Top of Entries supplied

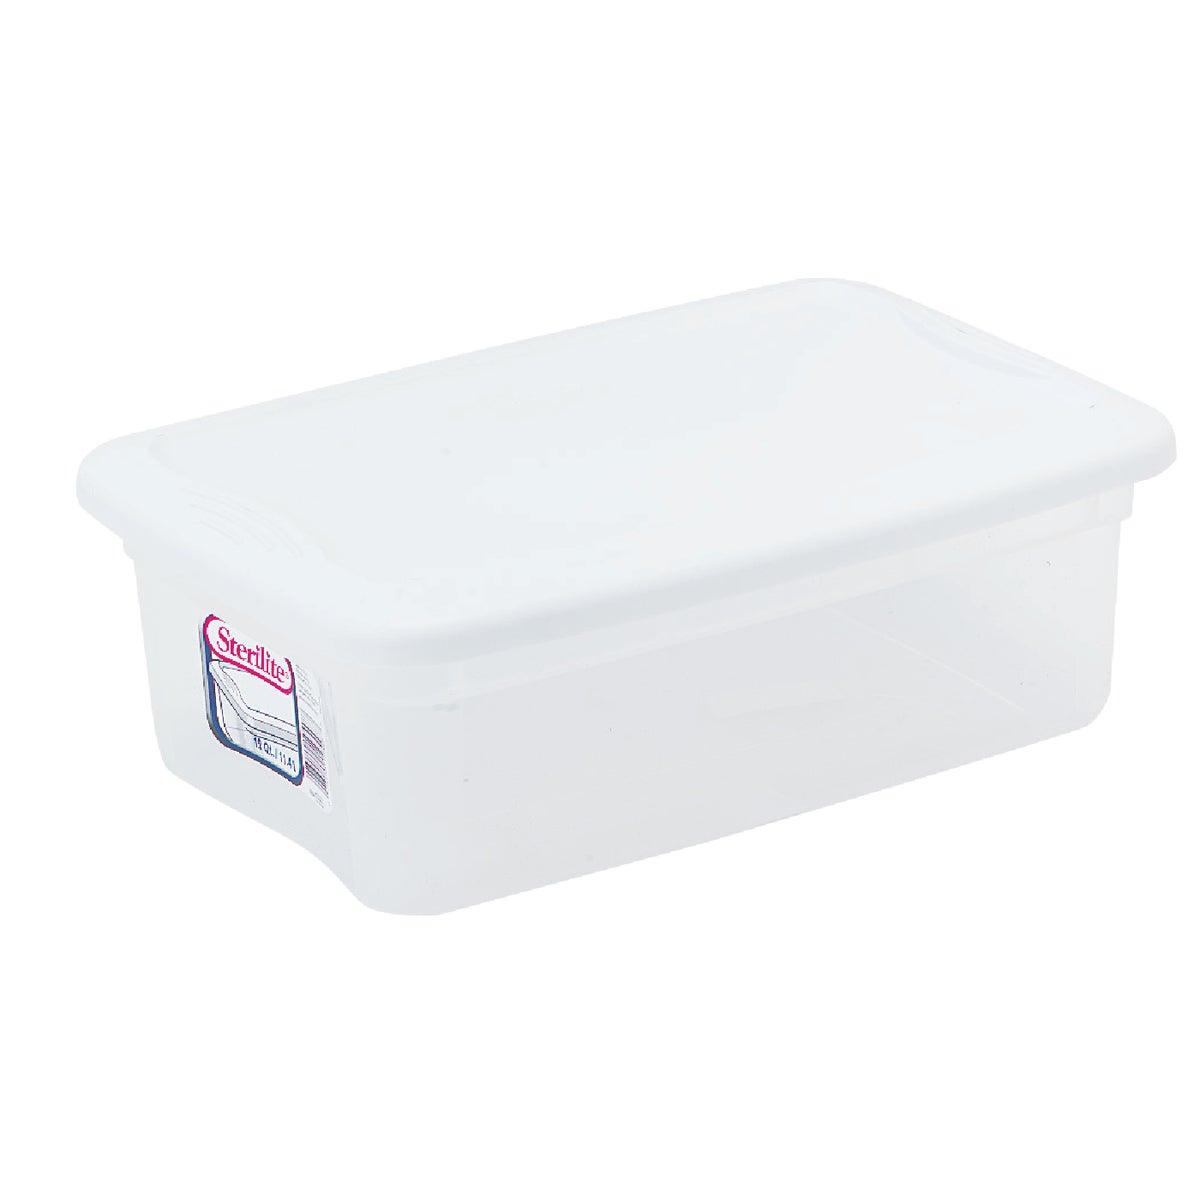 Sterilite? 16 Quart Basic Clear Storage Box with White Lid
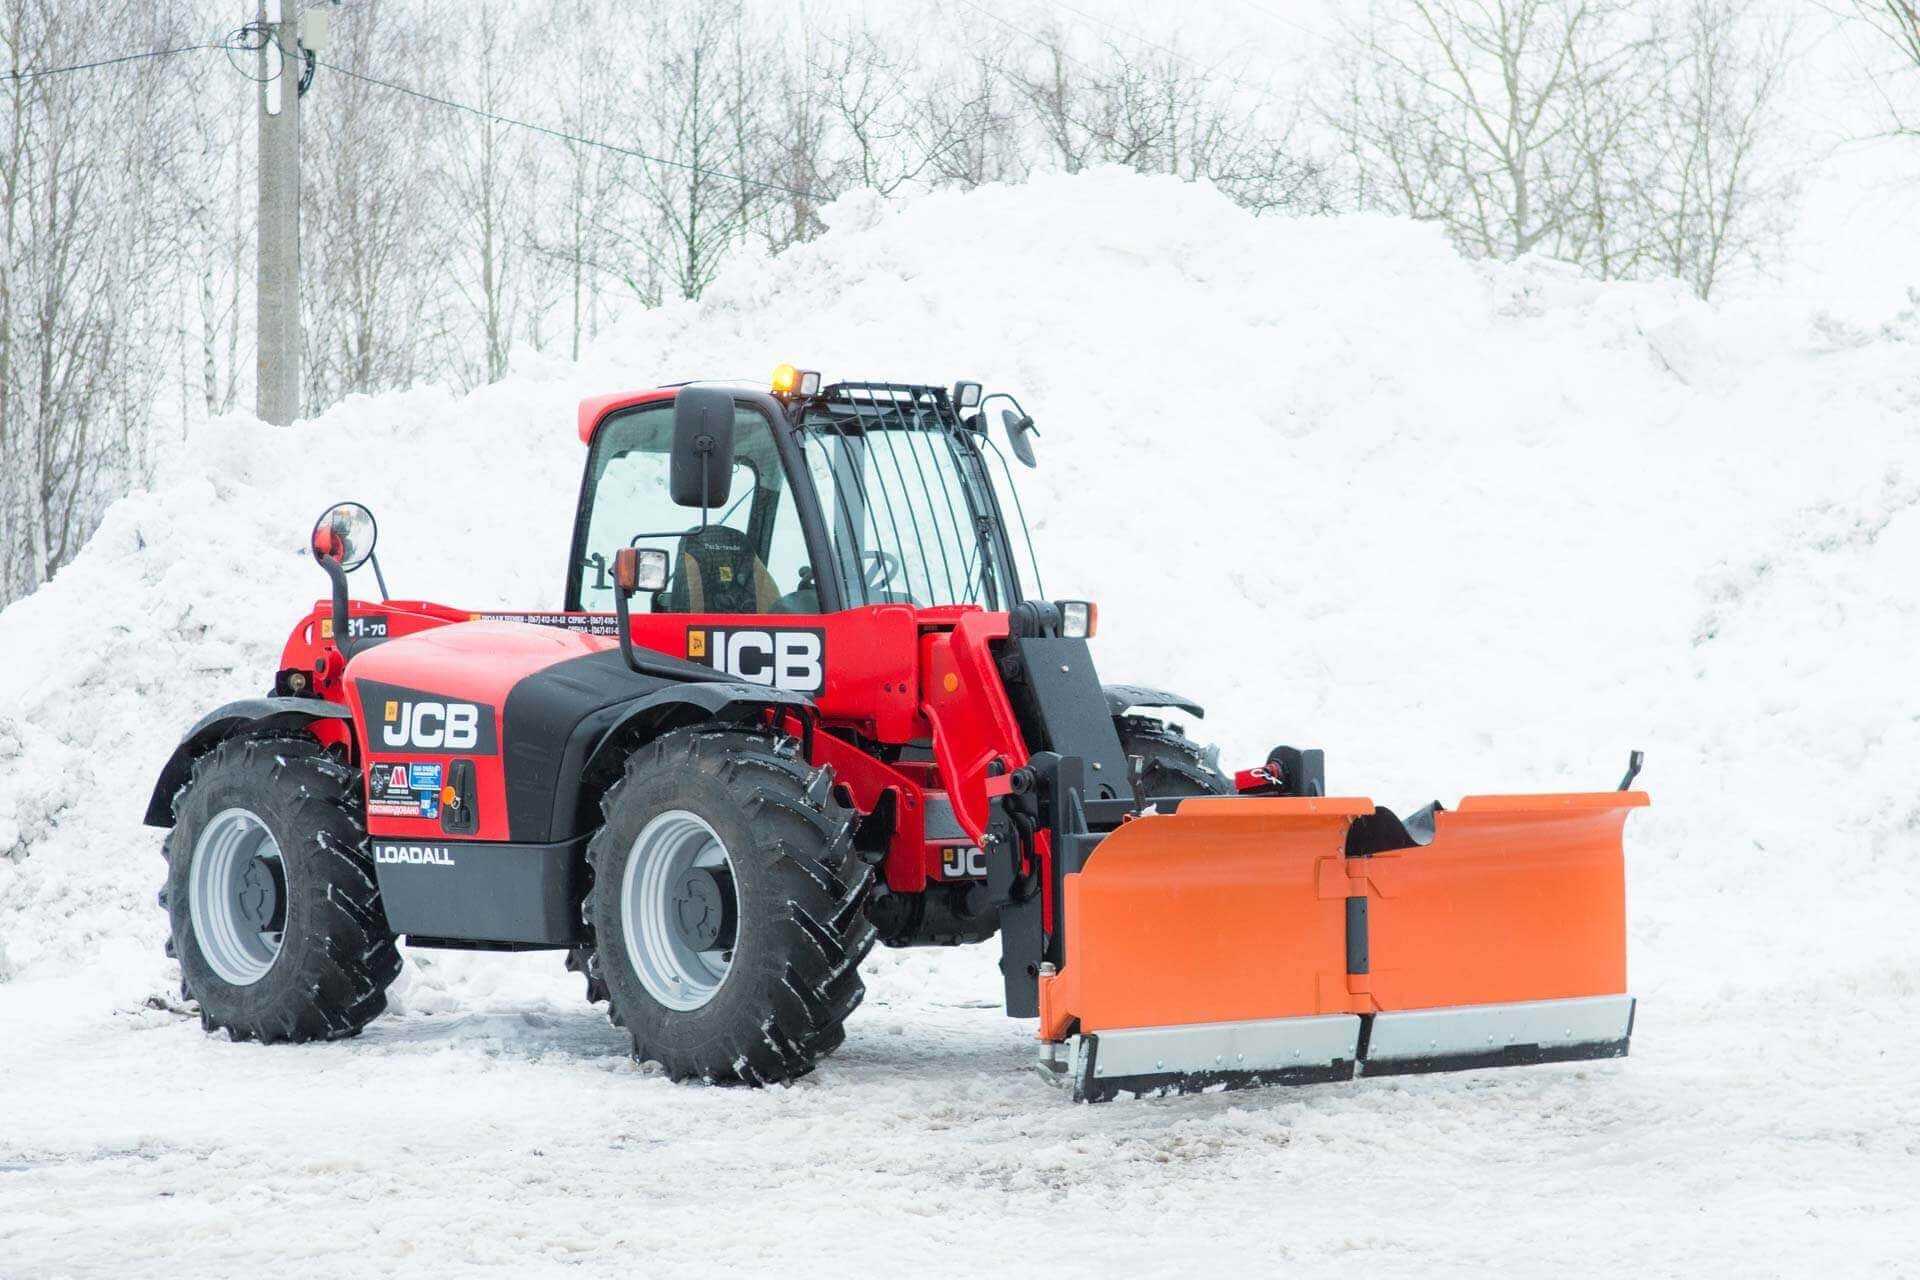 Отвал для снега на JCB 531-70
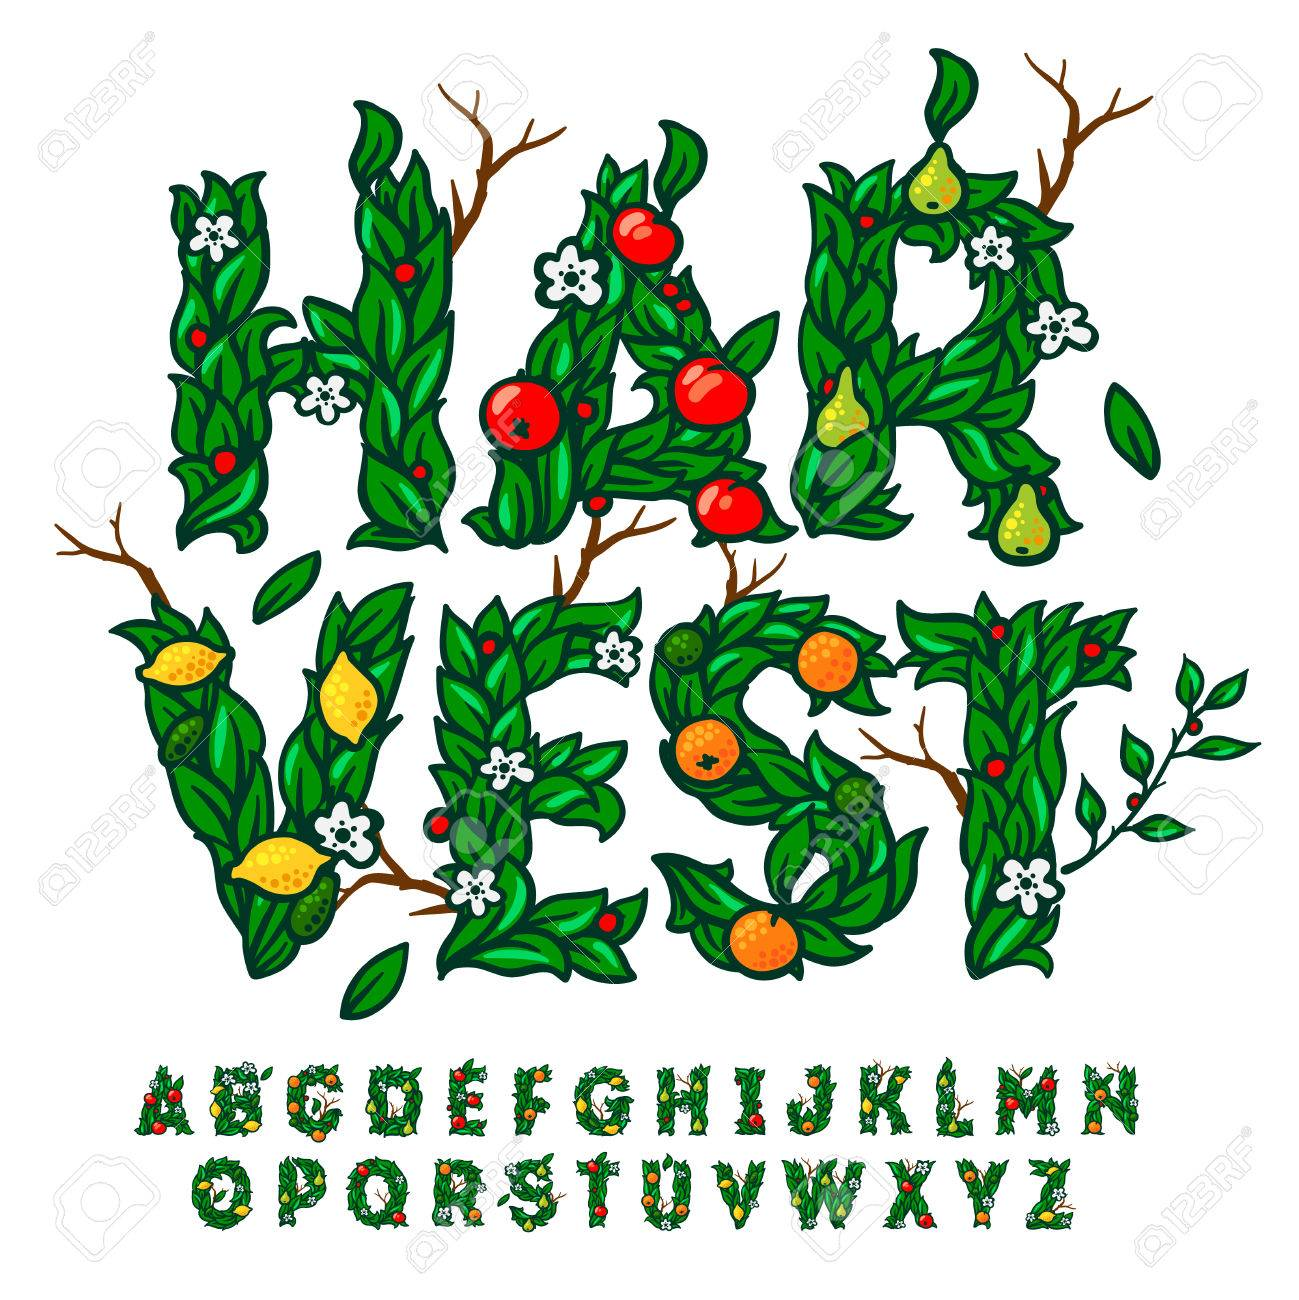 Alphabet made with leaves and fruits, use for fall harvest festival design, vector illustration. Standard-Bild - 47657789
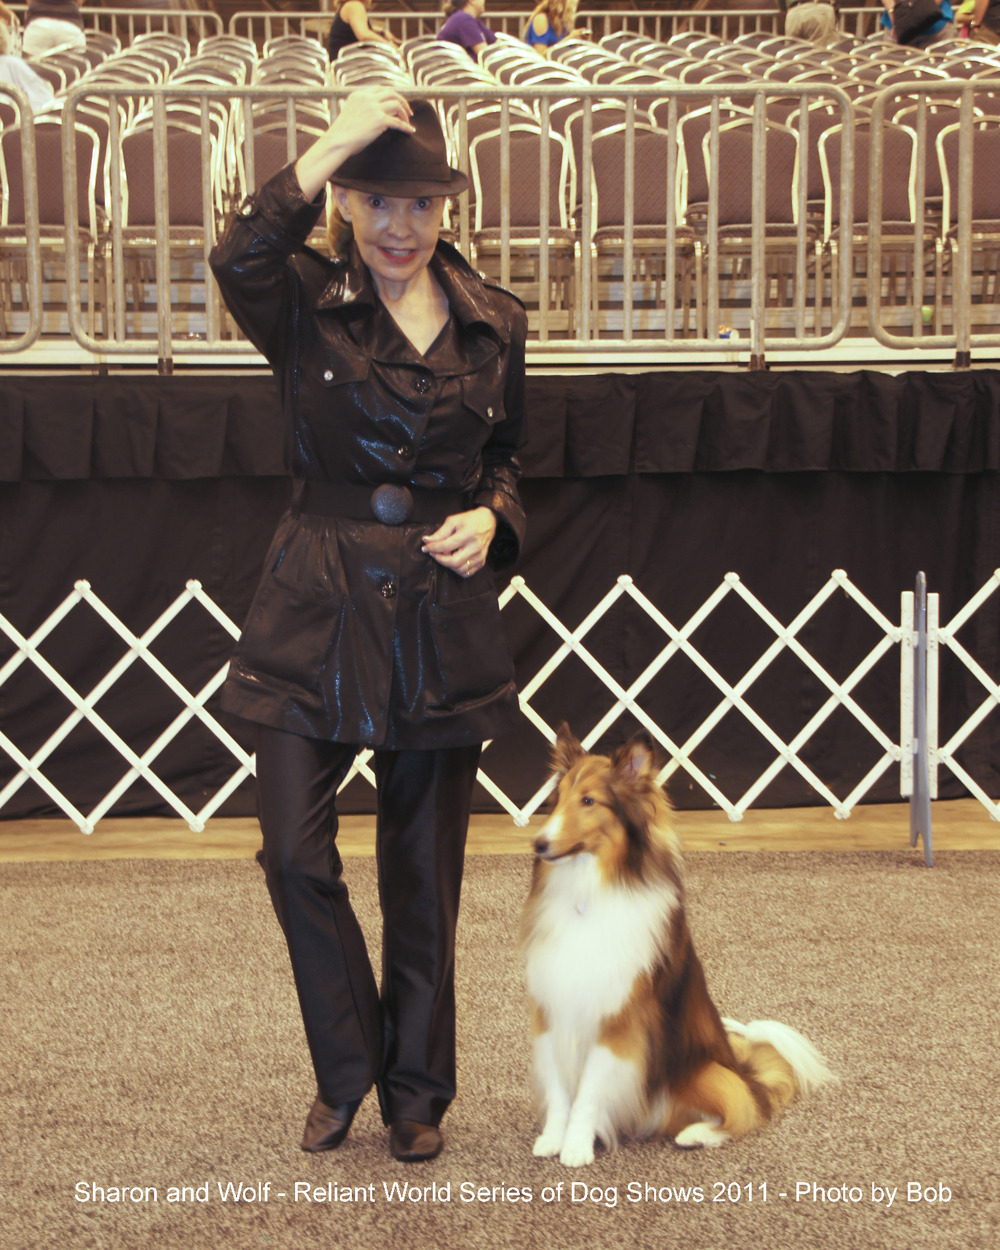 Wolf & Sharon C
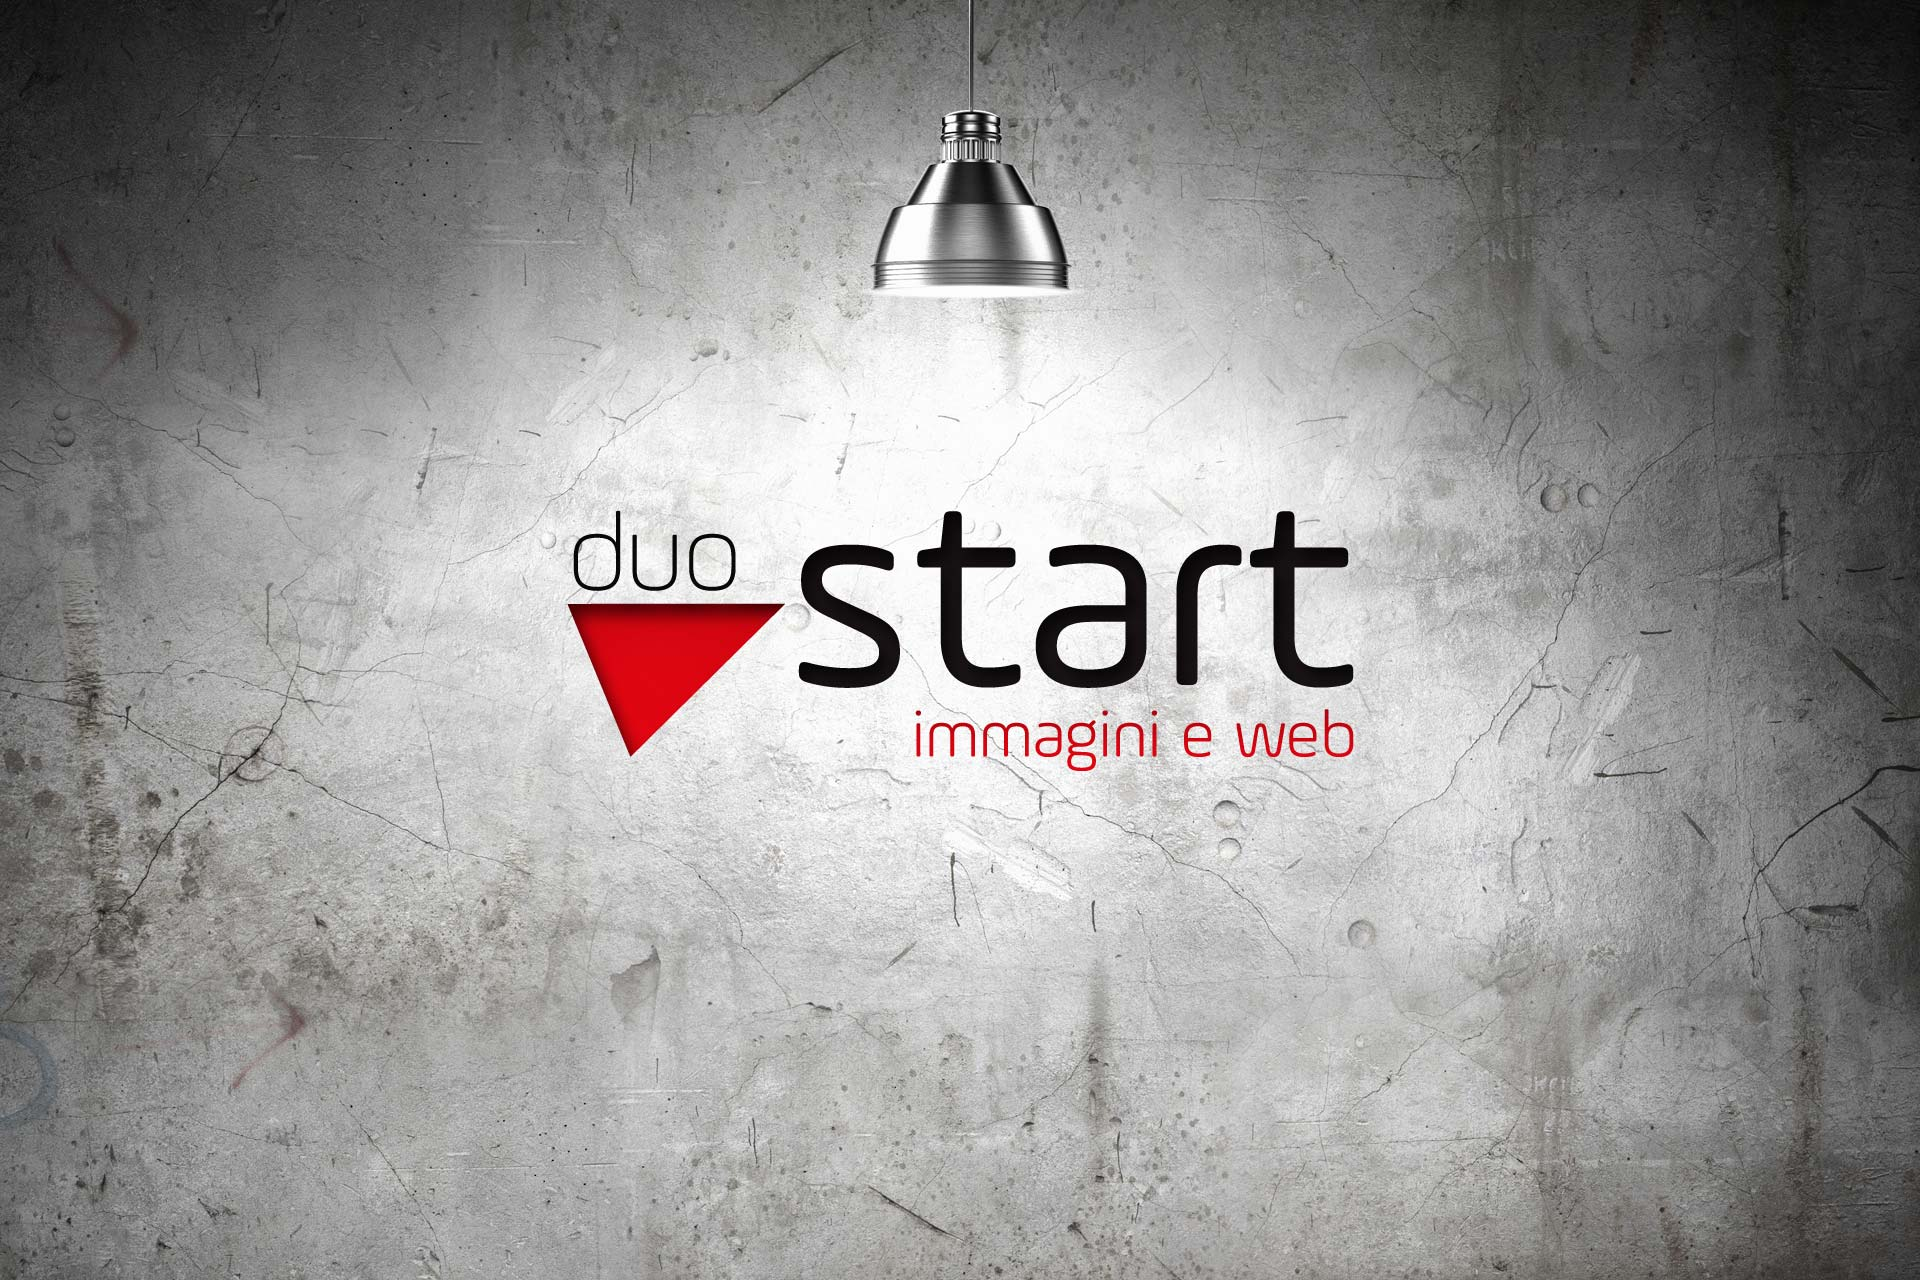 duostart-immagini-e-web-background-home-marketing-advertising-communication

Bottom of Entries supplied

▸ **Exercise instructions**: In the entries above, find the line containing "Отвал для снега на JCB 531-70". Transcribe it and every later line to the end, exactly, and leave out the pictures.

▸ **Your response**:
 Отвал для снега на JCB 531-70
 Alphabet made with leaves and fruits, use for fall harvest festival design, vector illustration. Standard-Bild - 47657789
 Wolf & Sharon C
 duostart-immagini-e-web-background-home-marketing-advertising-communication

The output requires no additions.